Empowering citizens to become anti-corruption activists with just a few clicks

In 2020, the application Map of Repairs won The Innovation in Politics Award in the Democracy category. Dubravka Šuica, Vice-President of the European Commission for Democracy and Demography, presented the Award to the winning team. We spoke with Yulia Grechka, Head of the Board of CSO Anti-corruption Headquarters, about what it takes to tackle corruption.

What inspired you to become an anti-corruption advocate? 

Yulia Grechka: Three years ago I was asked to work for the NGO Anti-Corruption Headquarters and I immediately jumped at the opportunity. Corruption is such a huge problem in Ukraine, so society needs decisions and truths for dealing with this problem. The mission of our organisation is interesting and useful, this is why I think we are doing the right thing.  

How did the Map of Repairs come about?

Yulia Grechka: Originally, the prototype for the Map of Repairs project was initiated by Halyna Yanchenko, my predecessor at Anti-Corruption Headquarters who is now a Member of Parliament.
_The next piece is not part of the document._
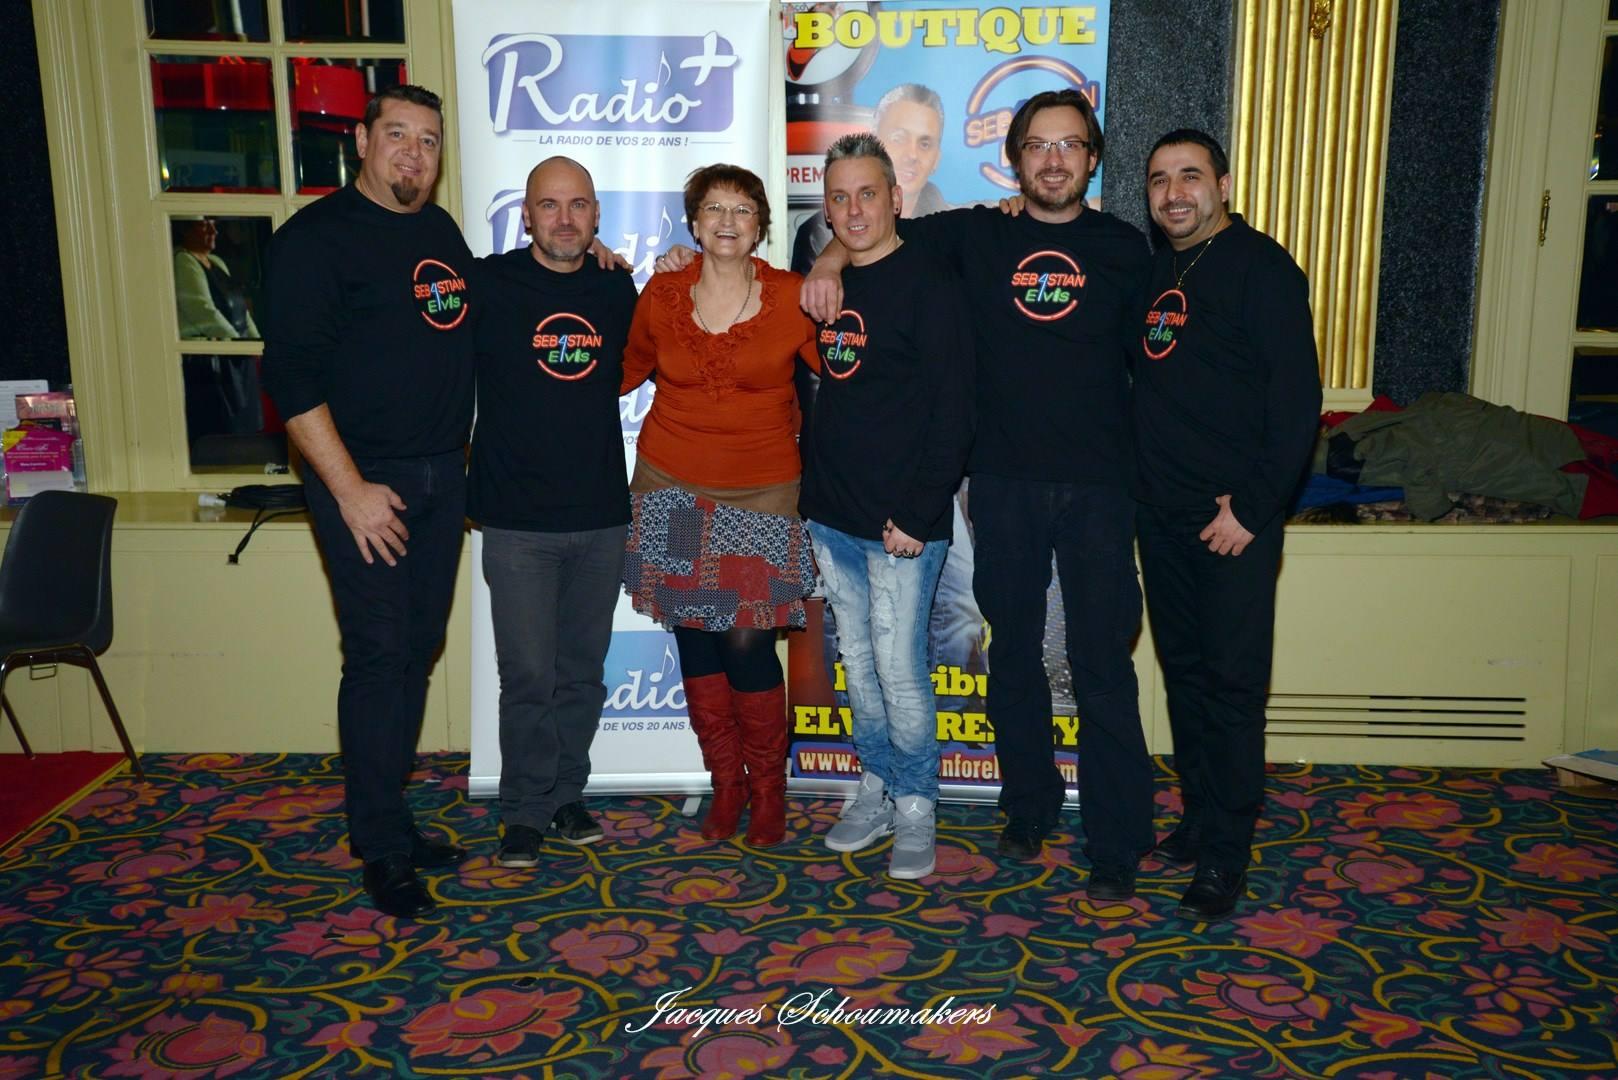 sebastian-for-elvis-casino-de-spa-happy-birthday-elvis-facebook-68b

Two years ago, my team and I started to develop it further and created an easy-to-use tool that allows everyone across Ukraine to get involved with anti-corruption, no matter where they live or what job they have. Usually, when talking about corruption, associated reforms or new anti-corruption bodies, it is very abstract. But Map of Repairs makes corruption in the field of repair work visible for people in their everyday lives.
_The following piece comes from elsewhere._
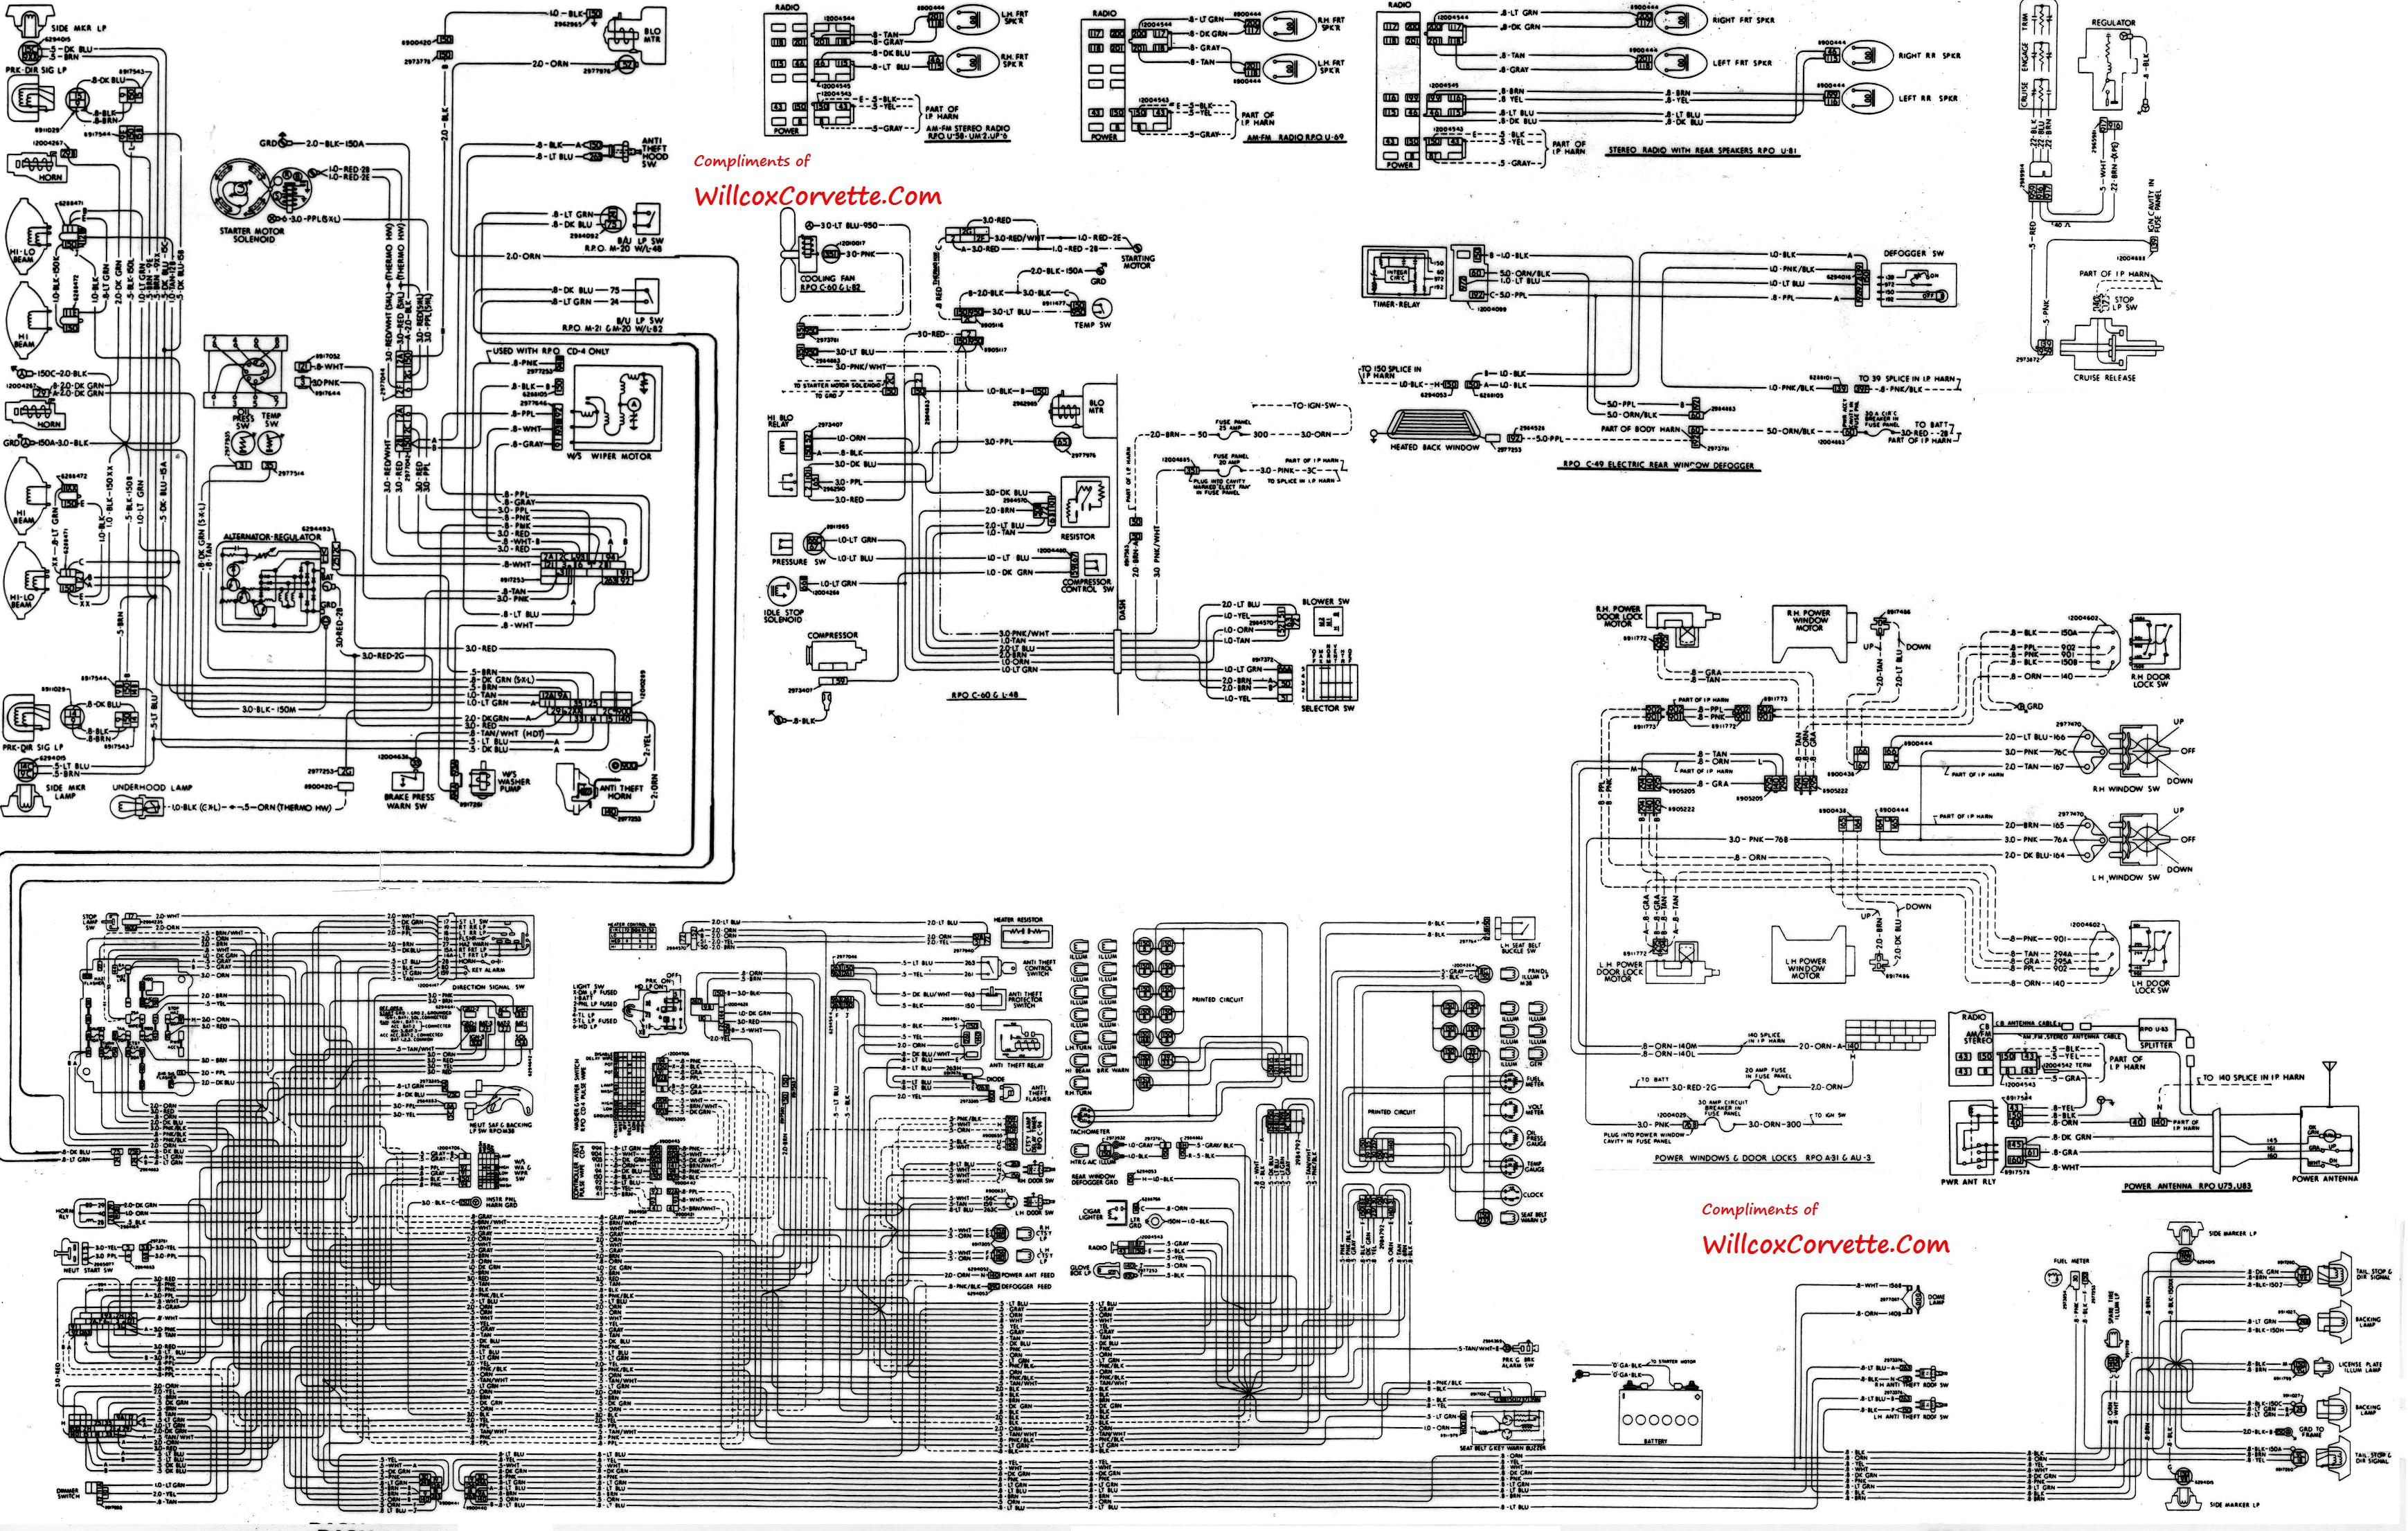 1982 Chevy Truck Wiring Diagram Corvette Wiring Diagram Wiring Diagram Of 1982 Chevy Truck Wiring Diagram

How does the Map of Repairs work?

Yulia Grechka: Everyone can find their city on the map and look up their street, their children’s school, the local hospital or even the building in which they live and see how much tax money was paid on repairs in these buildings. 

If the data on the map discloses that, for instance, 1 million Hrywnja was allocated to repairs of a building, but there were obviously no repairs carried out, they send us a short message with the necessary information. If government money is not being spent the way it is supposed to, our lawyers can assist them by contacting local authorities to get back the funds and use them for the repairs for which they were intended. People guilty of corruption can be brought to justice.

The project is so successful that the number of users is continuously growing and there is an increased awareness about the importance to fight corruption across Ukraine. 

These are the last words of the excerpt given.